On the eve of the commencement of the recently concluded World Economic Forum for Africa (WEFA), presidential spokesman Reuben Abati confirmed that the federal government had accepted an offer of help from some foreign powers in the ongoing effort to locate and rescue the 276 girls abducted from the Government Secondary School, Chibok, one month ago. The permanent members of the United Nations Security Council that offered their technical and logistic support are the United States of America, United Kingdom, China and France. Israel, widely experienced in this matter, has also offered to help.
In welcoming the development, we also remind the government of the need to be firm in the terms of engagement, just to ensure that the foreign powers do not use this as an opportunity to meddle in the internal affairs of the country. It is sad that the issue has brought Nigeria this low. The country had earlier lampooned America’s effort to set up an Africa high command; now it is reaching out to the same self-styled global policeman to deploy security personnel and assets in this search-and-rescue operation. This may be part of the international mobilisation against terrorism, but it detracts from Nigeria’s claim as the African continent’s giant. The world has now understood that this country is just a giant with clay feet.
Nonetheless, the offer of assistance at least provides the traumatised nation a fleeting psychological relief, since failure of intelligence is boldly written on each of the operations so far undertaken to tame the Boko Haram terrorists. It also remains to be seen how and when the surveillance, capacity building and technical support of the troops from abroad will rid the nation of the captivity of terrorism in the country. In the meantime, we must emphasise that time is of the essence in this effort to bring our girls home.

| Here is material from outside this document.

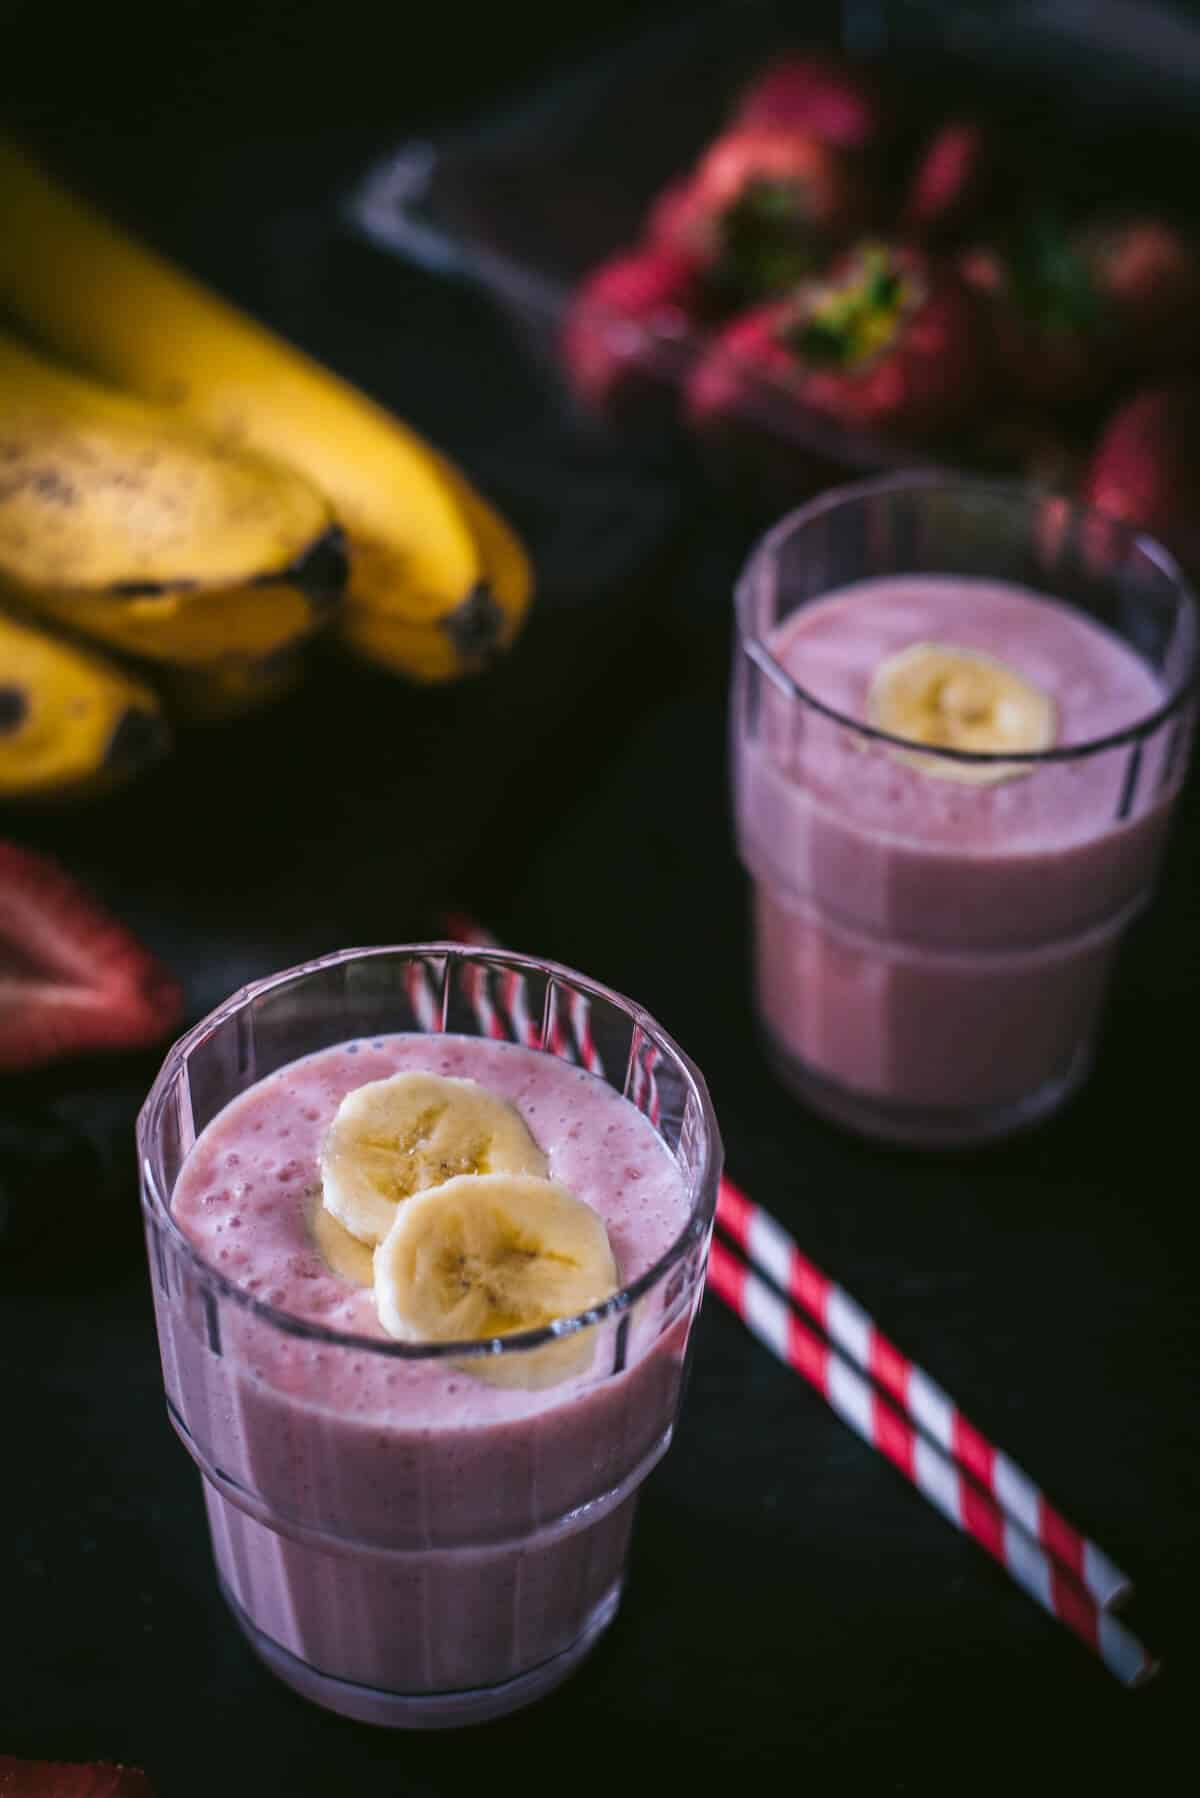 An overhead shot of strawberry banana smoothie in two glass containers and placed on a wooden bowl. There are two red and white straws on the side.

Our government should be mindful of the bitter criticisms by world statesmen and the press and do what is needed to keep up with public expectations. Because of its global sensitivity, it is our opinion that the government should start thinking through a counter-strategy in case Boko Haram also seeks help from other terrorist organisations around the world that it has been linked to. It will be counter-productive if lack of strategic thinking on this collaboration leads to the escalation of tension in the north-eastern part of Nigeria. Similar scenarios have been witnessed in countries where foreign powers had offered to assist in taming terrorism, especially in Iraq, Afghanistan, Pakistan, Somalia and Yemen.
It is worrying that terrorism seems to be spreading beyond Yobe, Borno and Adamawa states where emergency rule has been imposed for a year now. With other parts of the country threatened by the terrorists and coupled with the apparent cluelessness of the security forces, we wonder how long this foreign assistance will last before the country is restored to the path of sanity.